Data supplied:

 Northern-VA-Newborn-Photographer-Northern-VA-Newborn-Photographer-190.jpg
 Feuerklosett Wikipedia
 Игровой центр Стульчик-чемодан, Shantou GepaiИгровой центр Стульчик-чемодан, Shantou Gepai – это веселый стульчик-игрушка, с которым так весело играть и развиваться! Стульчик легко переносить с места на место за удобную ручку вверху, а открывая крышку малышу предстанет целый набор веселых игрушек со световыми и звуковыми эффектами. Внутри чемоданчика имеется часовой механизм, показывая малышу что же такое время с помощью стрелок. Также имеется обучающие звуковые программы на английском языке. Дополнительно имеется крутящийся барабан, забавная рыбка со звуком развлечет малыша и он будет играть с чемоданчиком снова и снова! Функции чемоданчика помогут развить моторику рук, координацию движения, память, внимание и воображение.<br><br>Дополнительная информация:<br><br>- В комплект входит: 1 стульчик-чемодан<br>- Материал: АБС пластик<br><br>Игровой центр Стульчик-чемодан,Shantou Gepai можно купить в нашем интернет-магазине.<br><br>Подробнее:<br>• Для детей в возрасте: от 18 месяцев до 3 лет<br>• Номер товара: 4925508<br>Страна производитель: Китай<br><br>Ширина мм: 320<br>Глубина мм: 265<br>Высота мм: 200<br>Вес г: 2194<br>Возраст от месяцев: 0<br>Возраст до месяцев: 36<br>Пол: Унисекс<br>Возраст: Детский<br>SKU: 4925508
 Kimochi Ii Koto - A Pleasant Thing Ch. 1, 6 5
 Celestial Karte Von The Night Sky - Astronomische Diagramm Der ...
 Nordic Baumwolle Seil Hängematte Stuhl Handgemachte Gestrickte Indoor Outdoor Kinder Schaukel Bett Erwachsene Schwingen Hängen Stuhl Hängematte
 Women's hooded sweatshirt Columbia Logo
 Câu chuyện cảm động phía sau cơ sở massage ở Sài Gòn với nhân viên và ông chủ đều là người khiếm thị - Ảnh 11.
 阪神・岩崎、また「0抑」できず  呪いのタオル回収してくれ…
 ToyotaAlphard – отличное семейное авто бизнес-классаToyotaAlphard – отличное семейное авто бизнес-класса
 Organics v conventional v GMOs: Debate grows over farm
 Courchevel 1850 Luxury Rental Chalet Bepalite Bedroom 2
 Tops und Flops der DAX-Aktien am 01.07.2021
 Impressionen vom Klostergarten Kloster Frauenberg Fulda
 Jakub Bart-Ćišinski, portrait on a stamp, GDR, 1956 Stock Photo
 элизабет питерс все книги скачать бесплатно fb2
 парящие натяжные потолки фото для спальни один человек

Task goal:
Extract from the listing above the lines between the line containing "Celestial Karte Von" and the line containing "Tops und Flops der DAX-Aktien am 01.07.2021", keeping both of those lines. Output nothing else.

Output below:
 Celestial Karte Von The Night Sky - Astronomische Diagramm Der ...
 Nordic Baumwolle Seil Hängematte Stuhl Handgemachte Gestrickte Indoor Outdoor Kinder Schaukel Bett Erwachsene Schwingen Hängen Stuhl Hängematte
 Women's hooded sweatshirt Columbia Logo
 Câu chuyện cảm động phía sau cơ sở massage ở Sài Gòn với nhân viên và ông chủ đều là người khiếm thị - Ảnh 11.
 阪神・岩崎、また「0抑」できず  呪いのタオル回収してくれ…
 ToyotaAlphard – отличное семейное авто бизнес-классаToyotaAlphard – отличное семейное авто бизнес-класса
 Organics v conventional v GMOs: Debate grows over farm
 Courchevel 1850 Luxury Rental Chalet Bepalite Bedroom 2
 Tops und Flops der DAX-Aktien am 01.07.2021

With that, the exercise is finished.